Somut olayda, davalının davacıya sipariş verdiği, bu siparişi teyit ettiği, proforma faturanın davalı adına kesildiği ve malın gümrüğe gönderildiği, mallar gümrükte bekler iken davalının Gümrük Müsteşarlığı Mersin Gümrük Müdürlüğüne vermiş olduğu 14.01.2008 tarih ve 3150 K. sayılı dilekçesi ile dava konusu, konşimento muhteviyatı eşyalara ait ambar bekleme süresinin 2. kez uzatılması için ek süre talep ettiği, anılan Gümrük Müdürlüğünce de bu talebin kabul edilerek 2. kez 30 günlük süre verildiği dosyada mevcut Mersin Gümrük Müdürlüğünün 16.01.2009 günlü yazısı ve diğer belgeler ile sabittir.
Hal böyle olunca, sipariş vermediğini savunan davalının, davacı tarafından Gümrük Müdürlüğüne gönderilen malın bekleme süresini uzatılması için 2 kez talepte bulunmasını nedenini açıklaması gerekir. Keza, olayda dürüstlük kuralı gözetilecek ise davalının bu beyanının dikkate alınması gerekir.
Bu durumda mahkemece dosya içerisindeki tüm belgeler ve anılan Gümrük Müdürlüğü yazısını birlikte değerlendiren, konusunda uzman 3 kişilik bilirkişi heyetinden yeni bir rapor alınıp, varılacak uygun sonuca göre bir karar verilmesi gerekirken, kendi içinde çelişkili olan bilirkişi raporu dayanak göstererek yazılı şekilde hüküm kurulması doğru görülmemiştir.

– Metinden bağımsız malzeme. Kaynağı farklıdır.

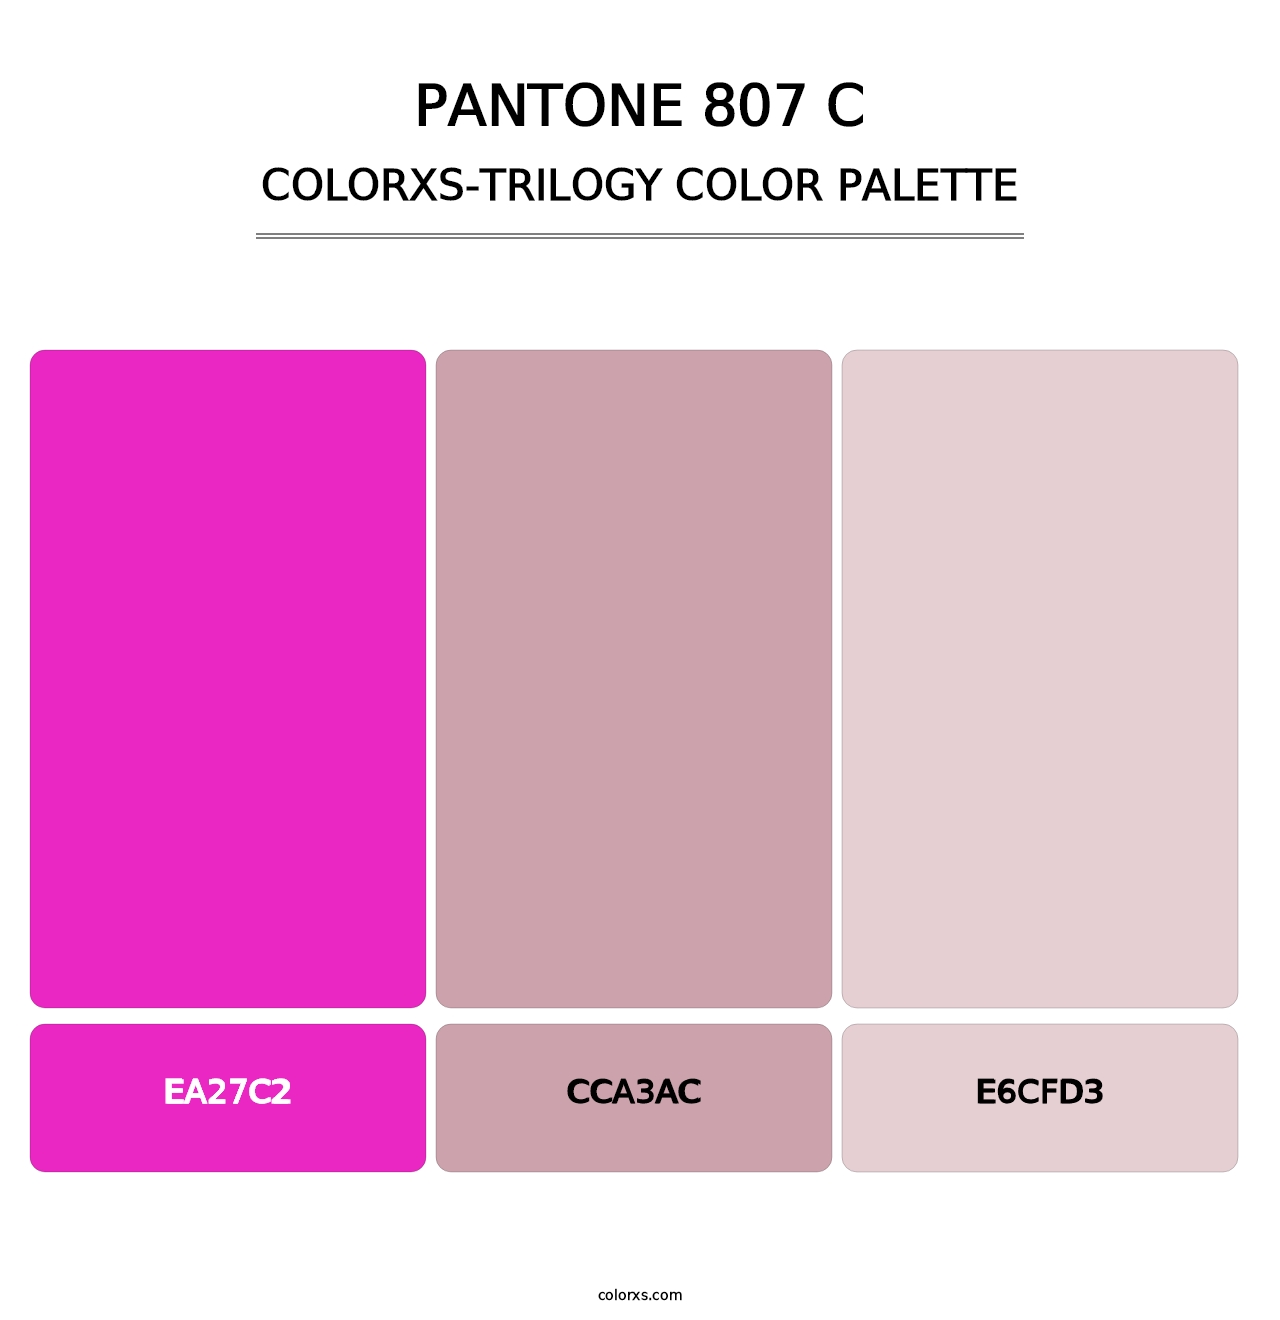 PANTONE 807 C - Colorxs Trilogy Palette

SONUÇ: Yukarıda açıklanan nedenlerle hükmün davacı yararına BOZULMASINA, bozma nedenine göre davalı vekilinin temyiz itirazlarının şimdilik incelenmesine yer olmadığına, vekili Yargıtay duruşmasında hazır bulunan davacı yararına takdir olunan 1.100 TL duruşma vekalet ücretinin davalıdan alınarak davacıya verilmesine, peşin harçların istek halinde iadesine, 05.05.2014 gününde oybirliğiyle karar verildi.